### Exercise directions
Exactly reproduce the lines from the one containing "33601 024 - Stamp" through the last line of the data, both ends included, leaving out pictures.

### Information provided
*** Begin section ***
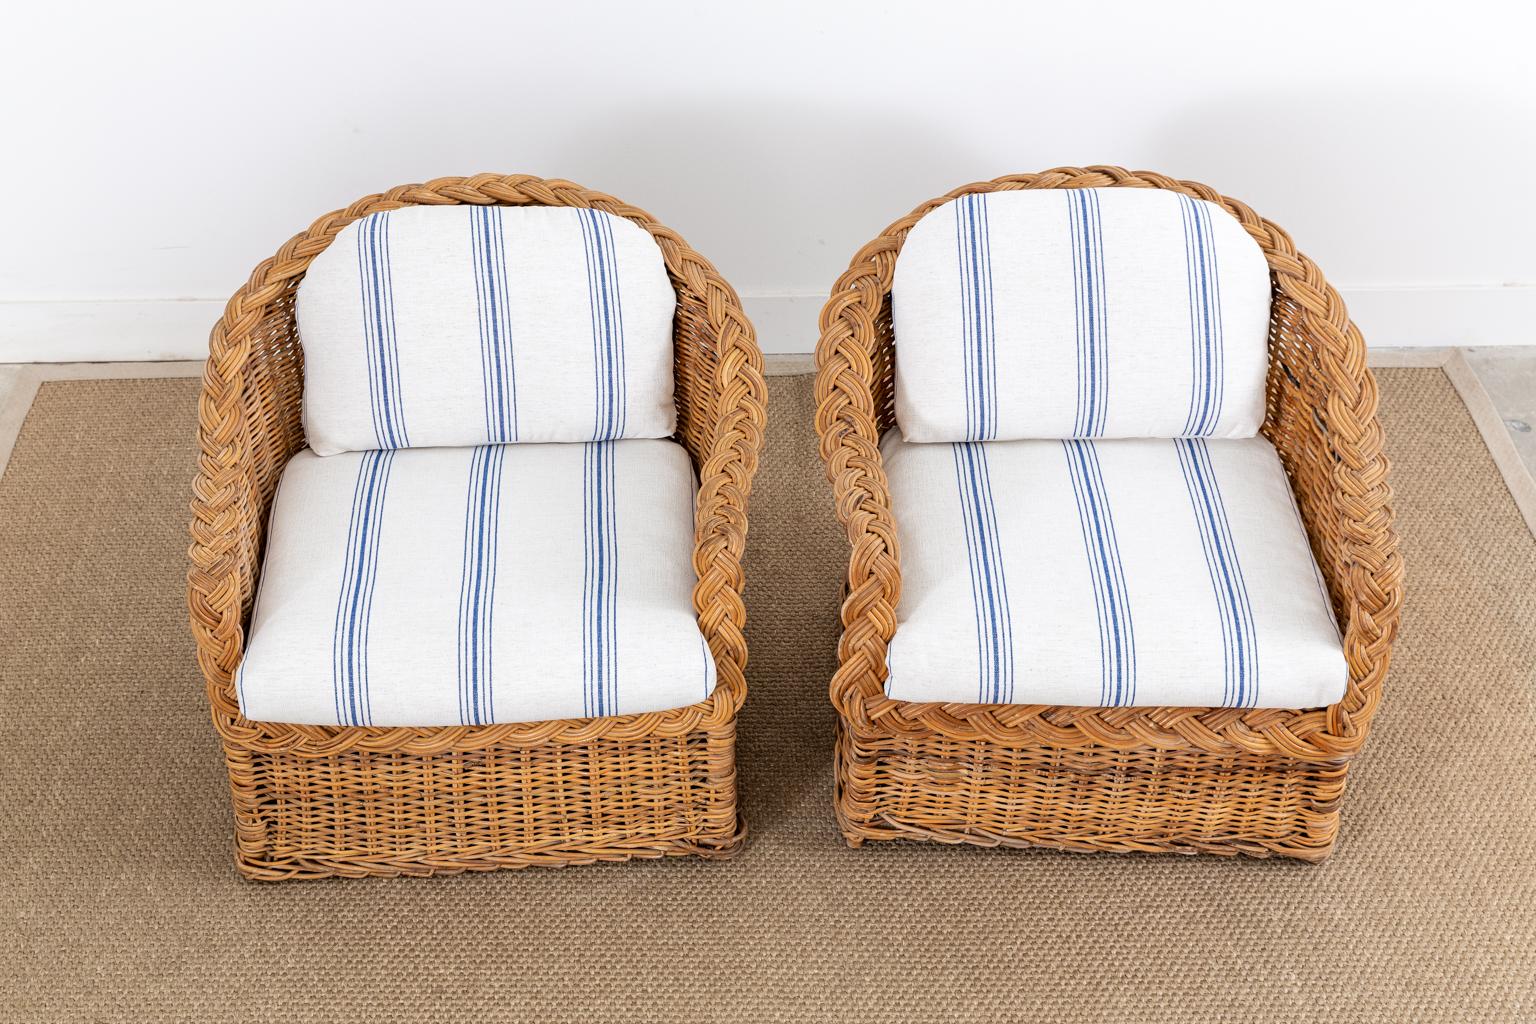 American Pair of Organic Modern Woven Rattan Wicker Lounge Chairs
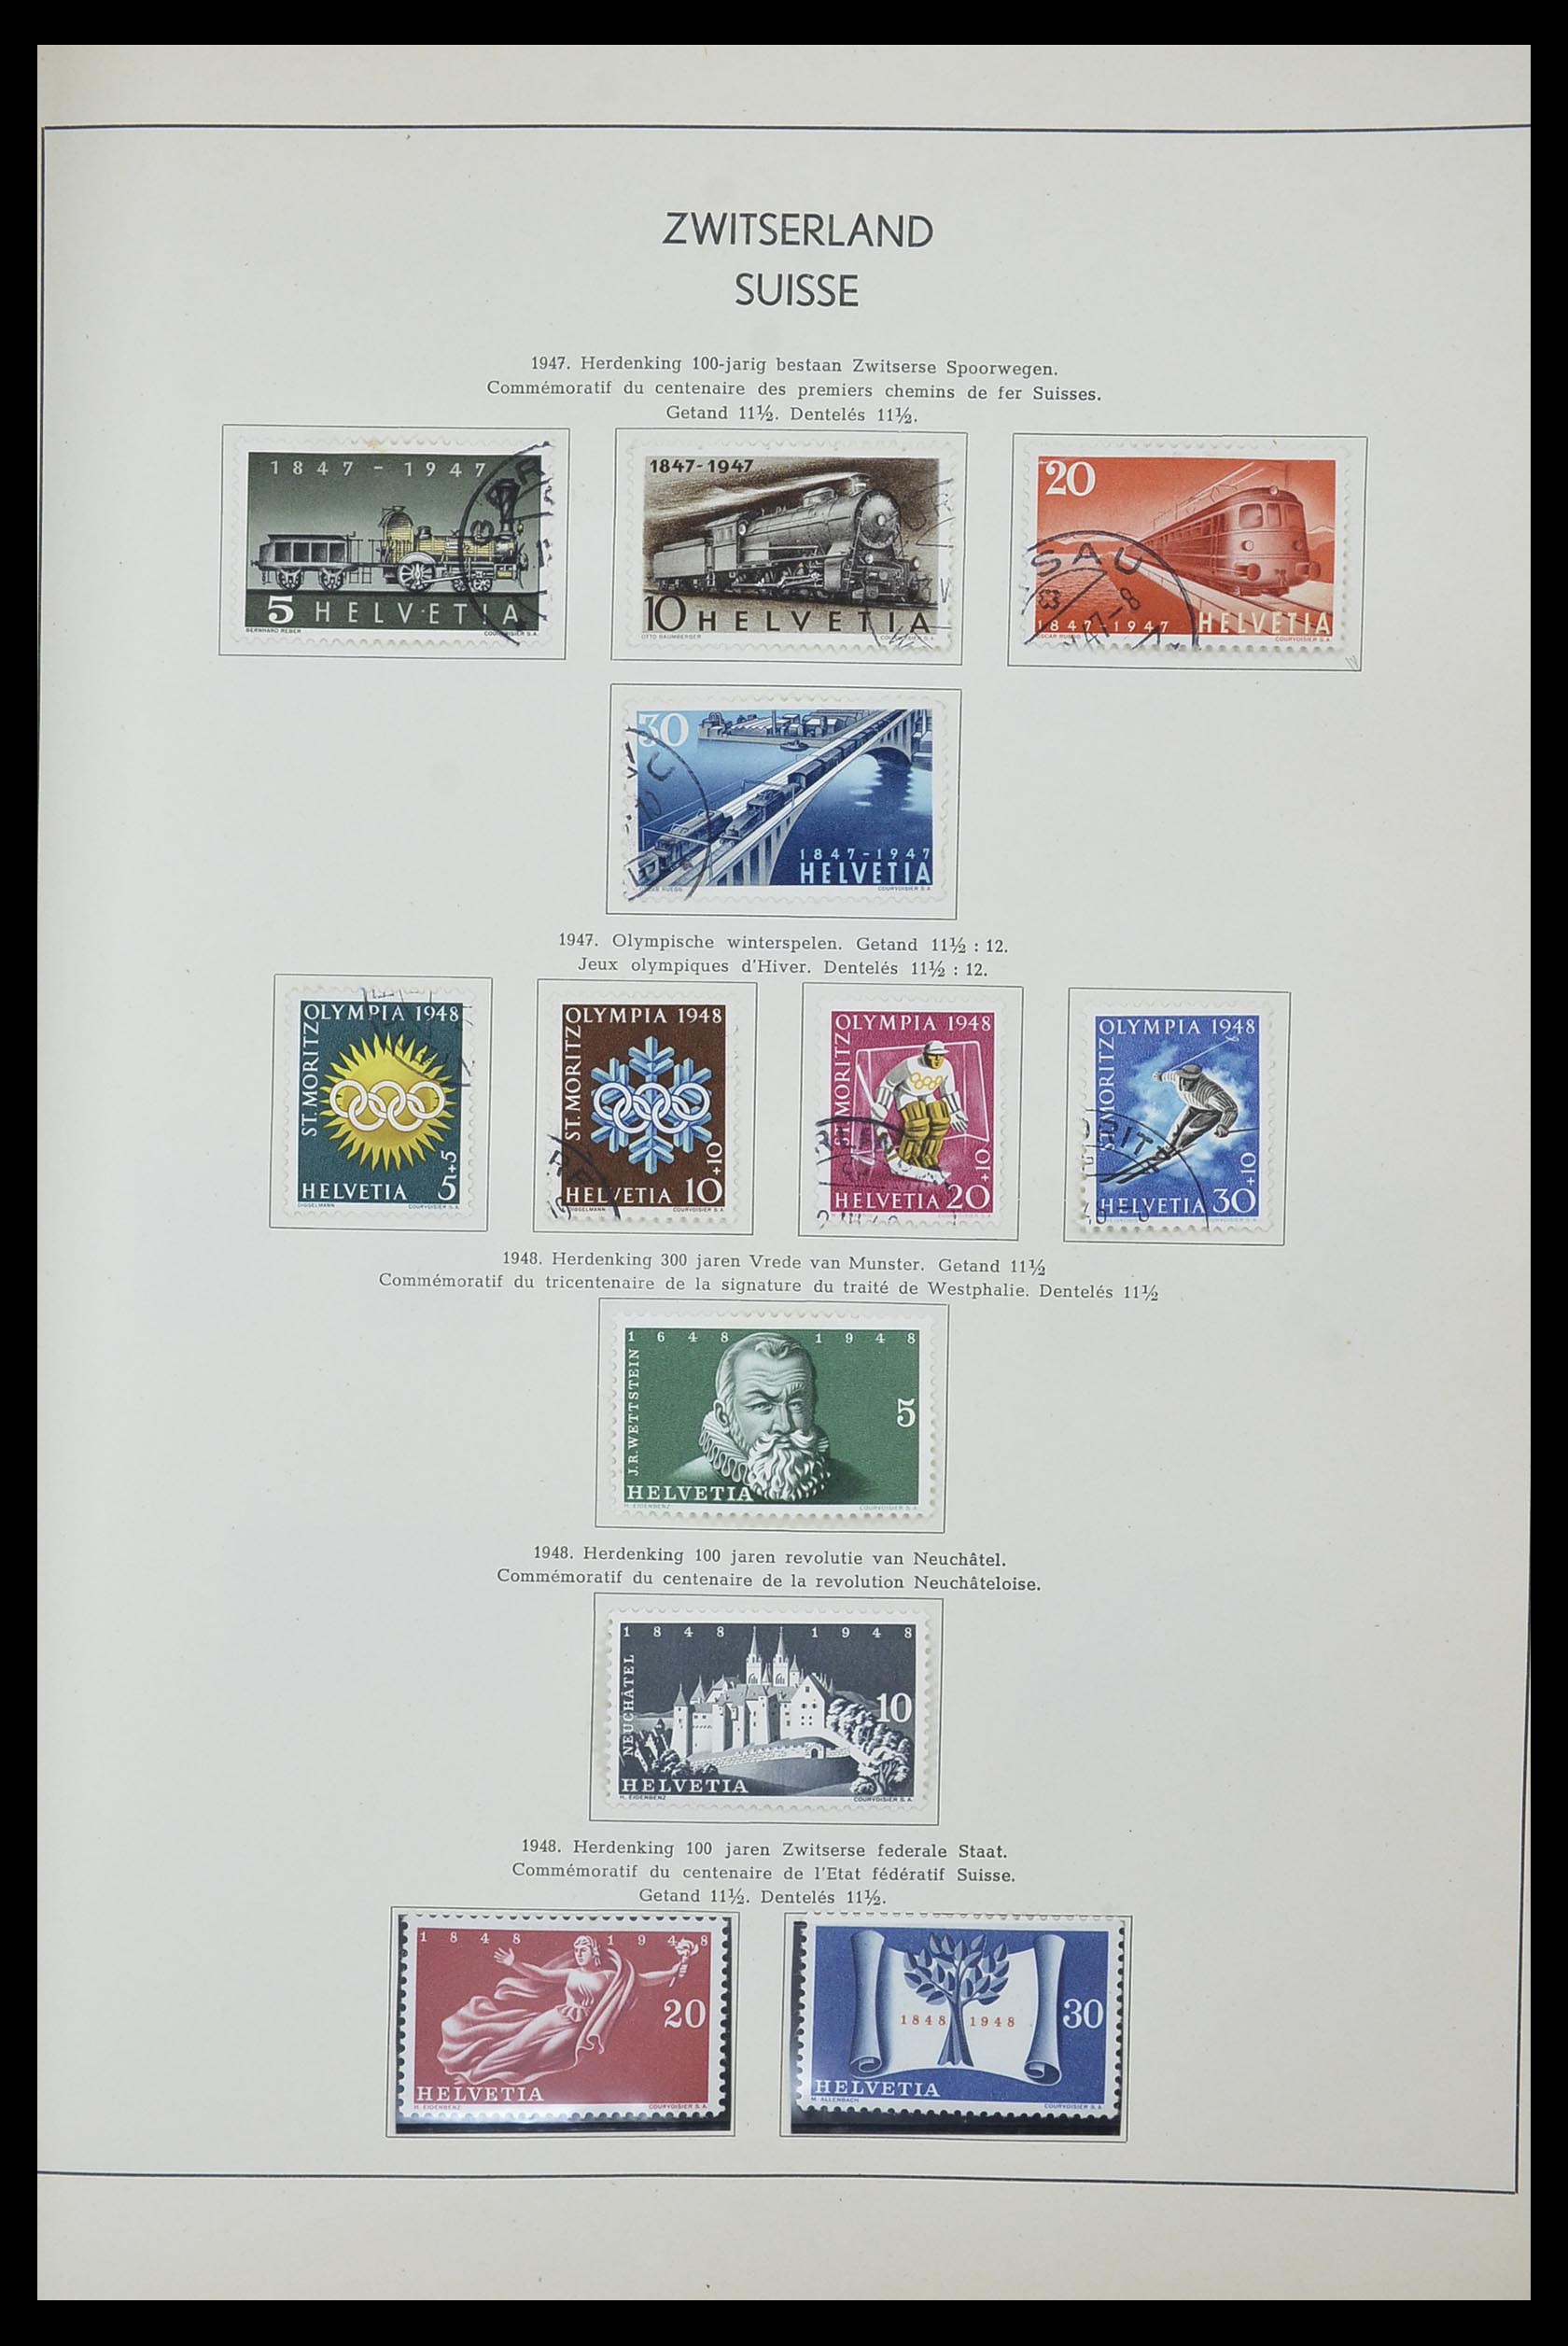 33601 024 - Stamp collection 33601 Switzerland 1854-1985.
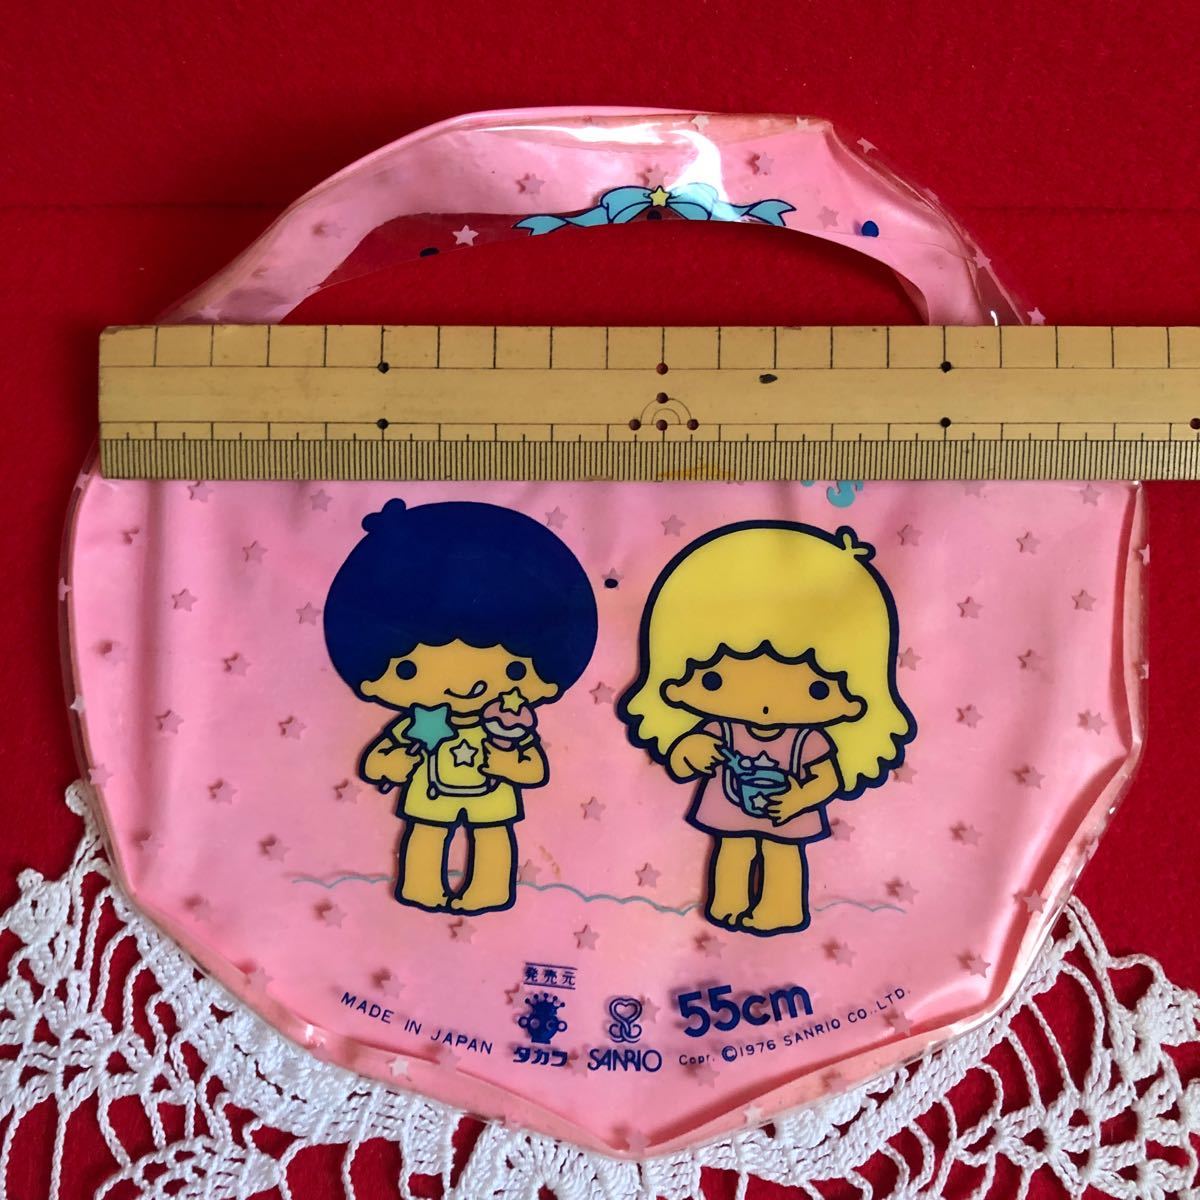  Little Twin Stars ki Kirara 4 point set Mini vinyl bag can case extra Showa Retro that time thing old Logo 1976 year Sanrio
*** End section ***
### Answer
 33601 024 - Stamp collection 33601 Switzerland 1854-1985.
  Little Twin Stars ki Kirara 4 point set Mini vinyl bag can case extra Showa Retro that time thing old Logo 1976 year Sanrio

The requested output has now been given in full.